Just need to have a bit of a moan, sorry. Dear dsm moved into sheltered accommodation mid December. I'd passed over responsibly to my step brothers, her sons as I'd dealt with dads Alzheimer's alone from his diagnosis two years ago, he's now in care after a torrid few months which involved him going missing from both hospital and home and being sectioned. I'd supported dsm all through this us her diagnosis with Alzheimer's as well last January. Since Christmas the phone calls I'm getting from her are increasing daily, she just won't leave me alone. I had seven calls one after the next yesterday, each call came with a voice mail and she rang straight away after leaving the voice mail in the afternoon, this was on top of the five I'd had in the morning. Each message is more and more desperate, pleading with me to call her. It's heartbreaking but there isn't a particular problem. Yesterday afternoon was because wanted to go to the shop but as ever wanted me to tell her if there was anything else she had to do. Even after I spoke to her she called me another four times plus I get countless blank text messages. She only has a mobile as my step brothers don't think she needs a landline but she clearly can't use the mobile properly, often missed calls and if she doesn't answer it she can't retrieve her voice mails and always calls me to see if it was me who called.

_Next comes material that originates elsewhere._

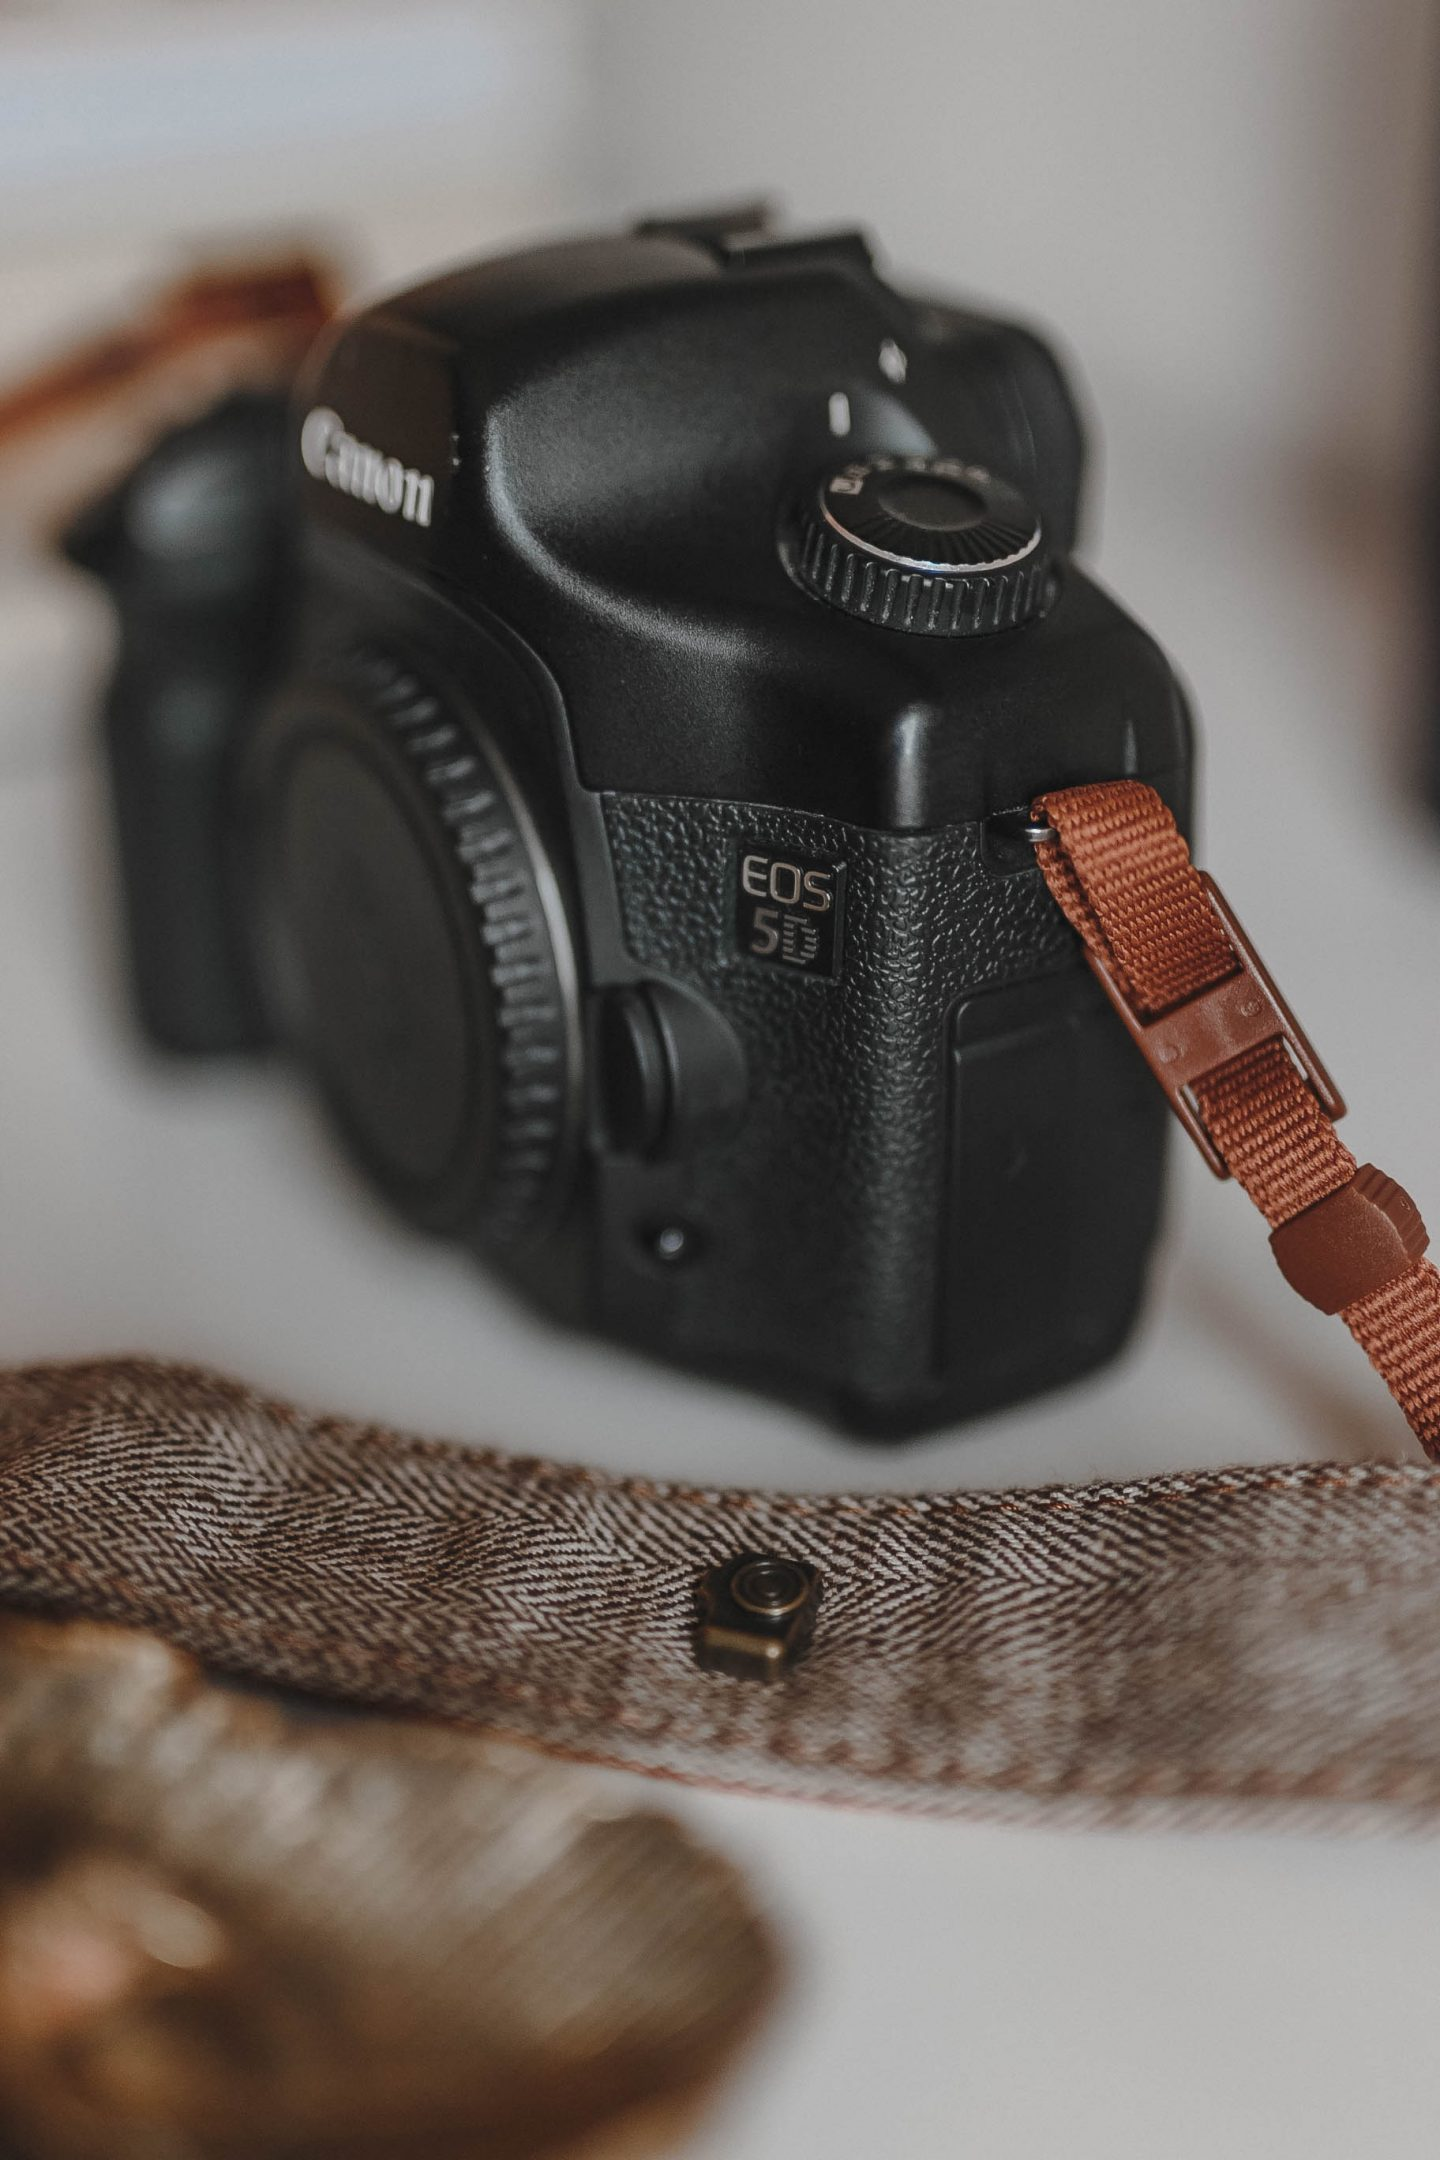 Canon 5D, Canon 5D Mark I, Canon 5D Classic, Old DSLRS, Camera Kit, Blogger Cameras,
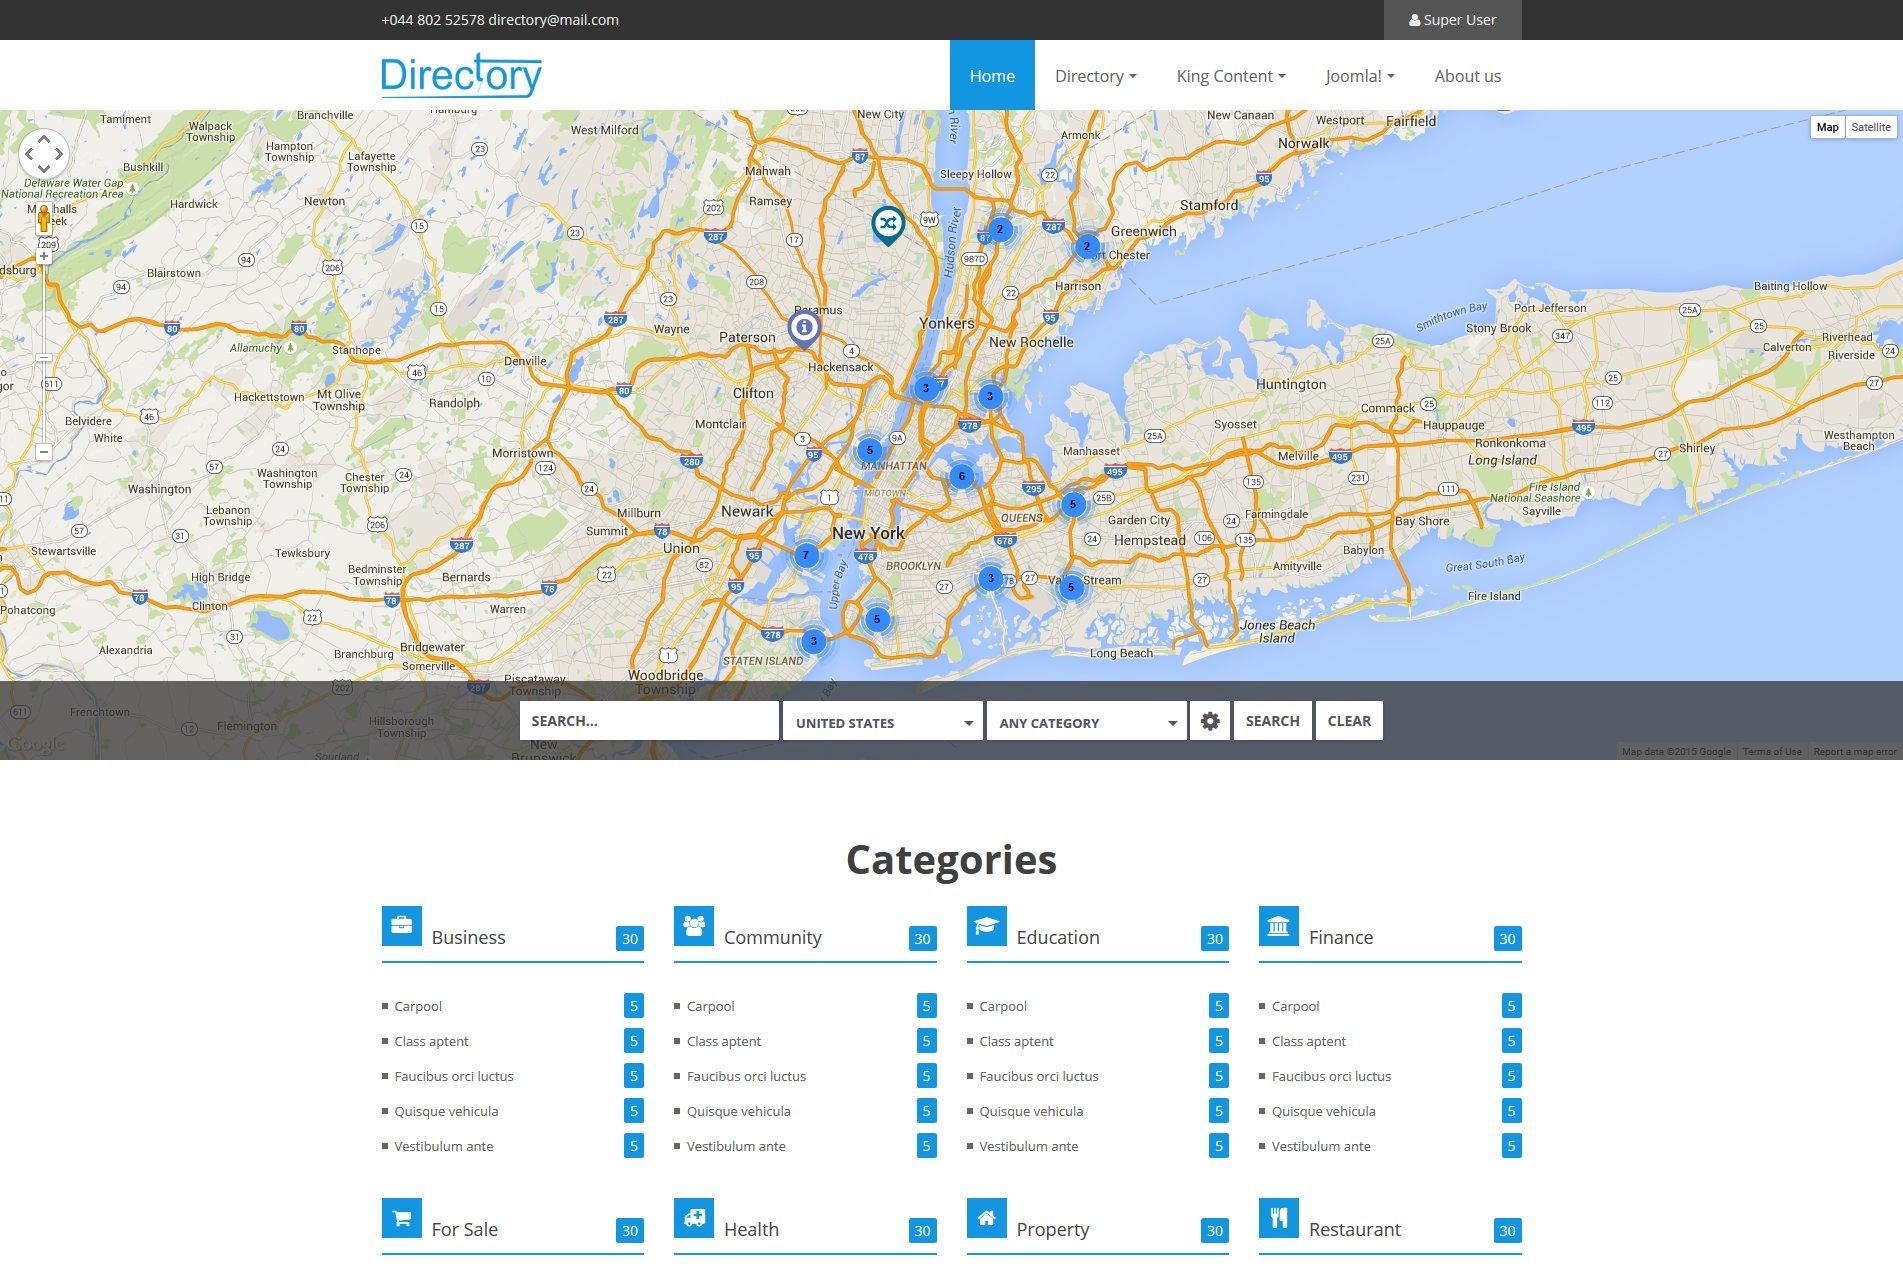 Directory listing joomla template joomla themes creative market accmission Choice Image

I'm having a nightmare trying to get all the information I need for the court protection orde I'm applying for to become dads deputy as I don't have POA and this is down to dsm being difficult when dad still had capacity. I d already had two phone calls from my solicitor and had to call dads bank customer service but I've got to go to the branch tomorrow. All of this when I'm at work. By last night I was dizzy, the room was spinning, I was hit and cold tearful and shaking. My oh is threatening to bar her number so she can't keep calling me as he can see the effect it's having and if I'm honest I really wouldn'mund. I said yesterday for her to call my sb but she said he's at work but when I said so was I she just said yes but it says on this price of paper that it's ok to call you during the day!! I've never felt like I did last night, I've inly ever come close to fainting once but I thought I would pass out and I truly did feel dreadful. I do know I can't carry on like this with her
Sorry for the typos and for whinging but I'm hoping others have felt the same.
Ohh dear you poor thing. I'm not surprised that you feel like a moan!
Does she have any other help? Or is it just you and the SB?
Is it something where you could pay someone to visit?
I don't know it's hard to give any meaningful advice as I suspect you've already had a good think. I suspect that your DHs suggestion might be sensible - perhaps not block her completely but for most of the day.
Oh, that sounds so hard, and she obviously isn't coping. My dad will phone 7 times in a day and its just so draining
Decide what you are willing to do, then bar her number. Then email your SBs and say what you have done, in a factual sort of way. (Your husband might draft it and then you take out the angry bits, but don't add in any apologetic bits.) It is wrong if they have either given her a piece of paper with your number on, especially if it suggests you can be called when at work, or programmed your number into her ohhone so she calls you first.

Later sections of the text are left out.